Note: If the scanner does not operate properly when you use a DC
adapter, unplug the adapter from the cigarette-lighter socket and clean
the socket to remove ashes and other debris.
CHARGING NICKEL-CADMIUM BATTERIES
The scanner has a built-in charging circuit that lets you recharge nickelcadmium batteries while they are in the scanner. To charge the batteries, remove the plug from the scanner’s CHARGE jack and connect an
optional AC adapter or DC adapter to the jack (see “Using Standard
AC Power” on Page 10 or “Using Vehicle Battery Power” on Page 11).

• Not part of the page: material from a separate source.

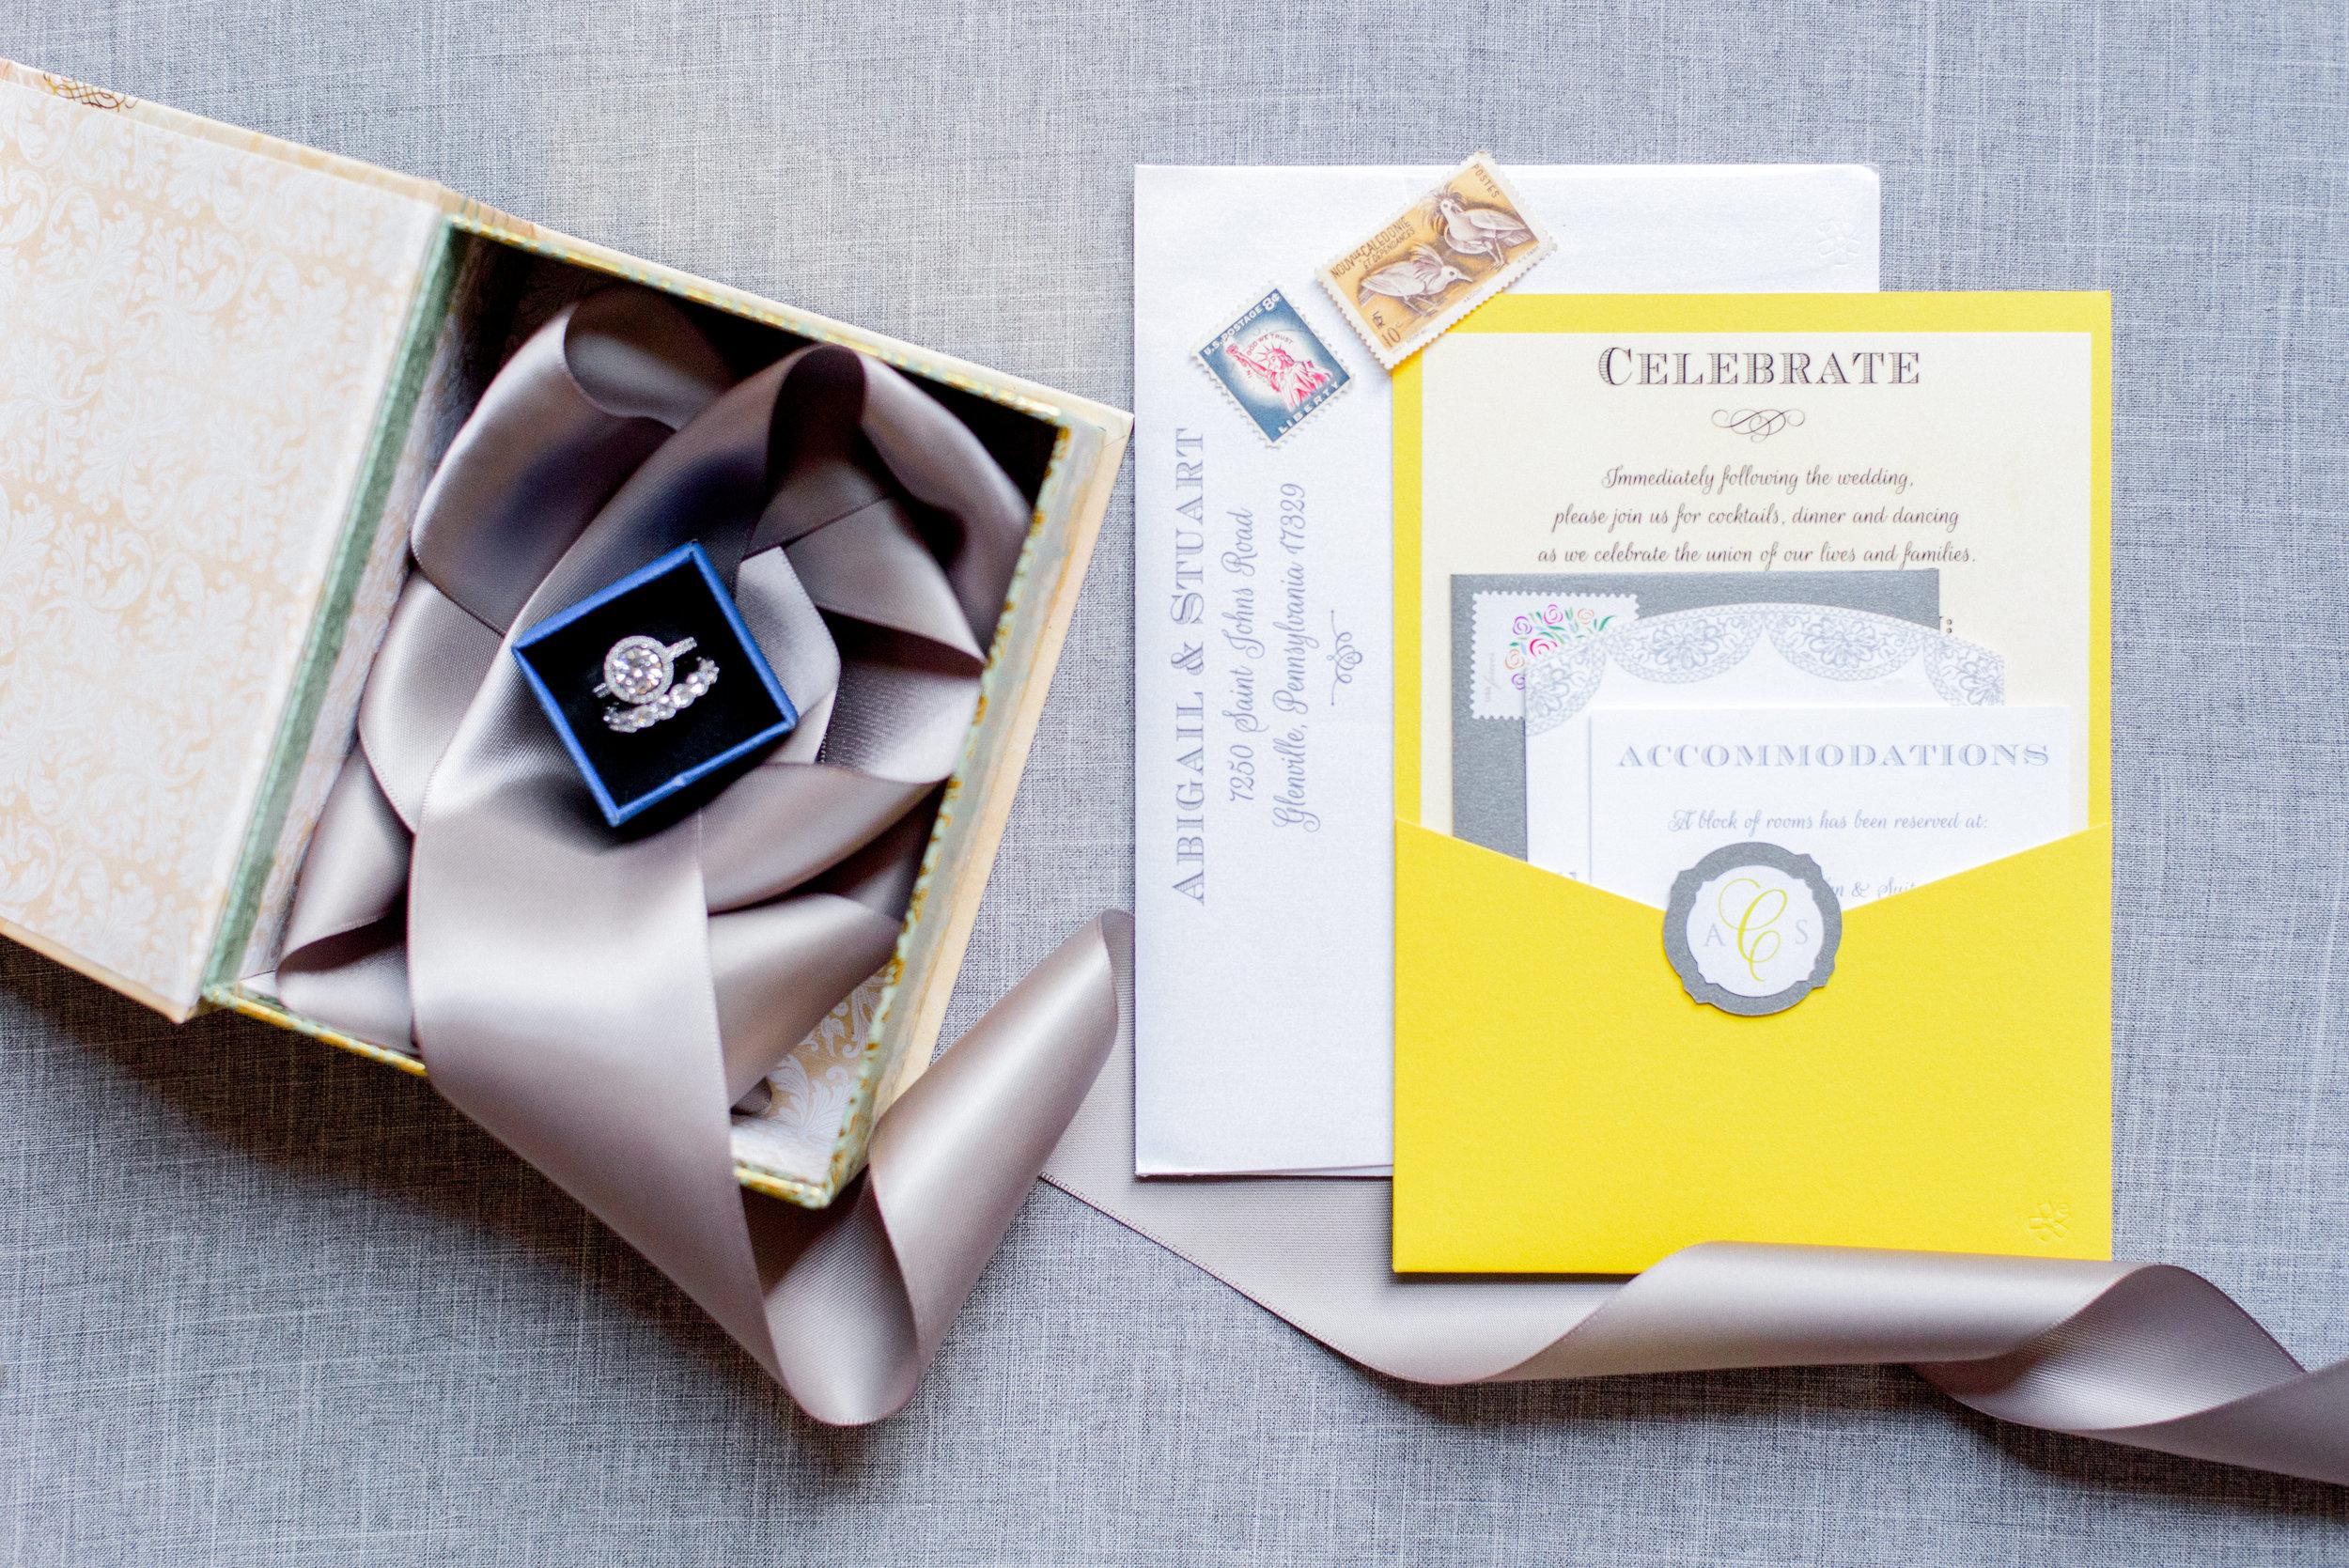 Yellow Central PA, York PA, JesSmith Designs, custom, wedding, invitations, bridal, announcements, save the date, baby, hanover, calligraphy, baltimore, wedding invitations, lancaster, gettysburg Gray-0037.jpg

Warning: Do not connect an adapter to the scanner’s CHARGE jack if
you installed non-rechargeable batteries (standard, extra-life, or alkaline). Non-rechargeable batteries become hot and could explode if you
try to recharge them.
It takes about 14 to 16 hours to recharge batteries that are fully discharged. You can operate the scanner while recharging the nickelcadmium batteries, but charging takes longer.
Note: Nickel-cadmium batteries last longer and deliver more power if
you occasionally let them fully discharge. To do this, simply use the
scanner until it begins beeping every 15 seconds and BATT.LO appears. Then fully charge the batteries.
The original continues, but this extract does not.